The fact that so many crypto transactions survived the “ban” suggests that China had no intention of erasing cryptocurrencies from the map. Instead, the main goal was to raise barriers to entry. In that sense, the new rules were extremely effective. Making transactions more inconvenient will help prevent cryptocurrencies from reaching many uninformed investors. The last thing Beijing wants is for those same investors to take to the streets to protest their losses. It all comes back to maintaining social stability, which is one of the key principles of China policy.
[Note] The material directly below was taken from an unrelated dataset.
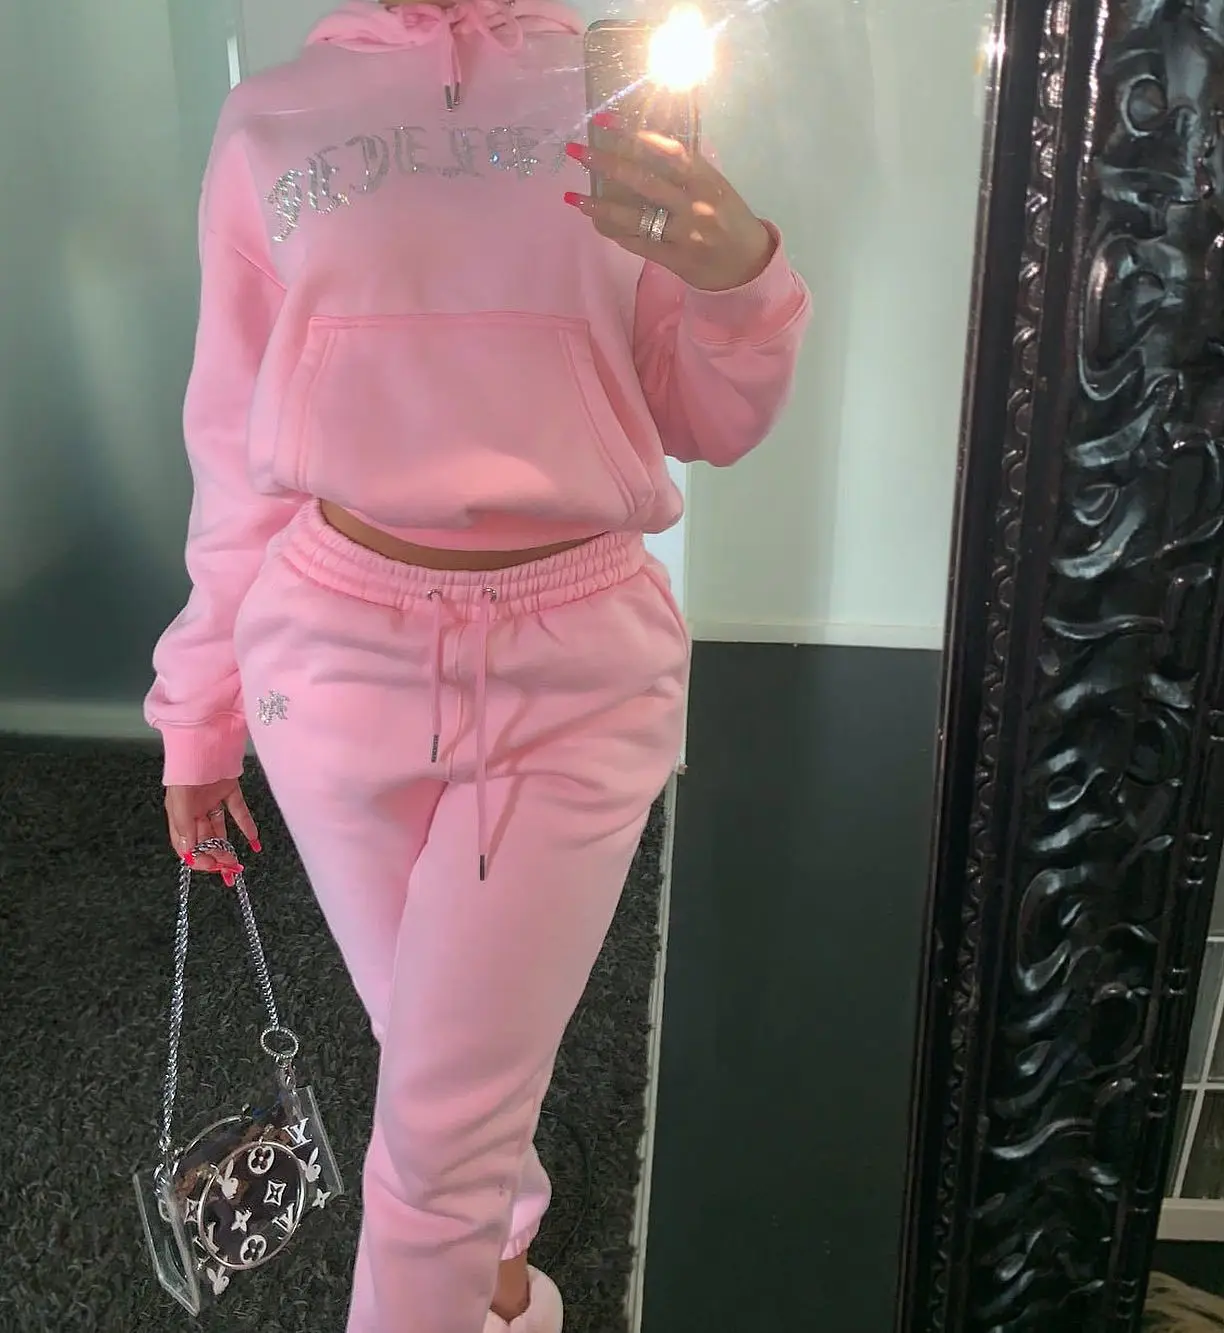 

Custom Design Logo womens Tracksuits Conjunto Mujer Pantalon Diamond Track Suits Joggers Hoodies Rhinestone bling Sweatsuit Set/, As shown in the picture or customized

China has reason to be wary of virtual currencies. We don’t want people to use it to evade capital controls, for example. At the same time, China has long embraced the potential of blockchain technology, and Beijing has further Web3 White Paper. The country has ambitious plans for a central bank digital currency. Authorities may want to keep the door slightly open to cryptocurrencies themselves, just in case.

This theory could help explain what is happening in Hong Kong. The city has taken very public steps to establish itself as a city. digital asset hub Asia, if not the world. Hong Kong and China operate on a “one country, two systems” basis, and Hong Kong’s relatively welcoming stance towards cryptocurrencies has received at least some approval from the Chinese government. Allowing cryptocurrencies to flourish in Hong Kong, if not on the mainland, is a way for China to remain in the competition while mitigating risks.

In China, we need to look not only at the content of the rules, but also at how people interpret them. Calling China’s policy a total ban on cryptocurrencies is an oversimplification of the situation in one of the world’s most important markets.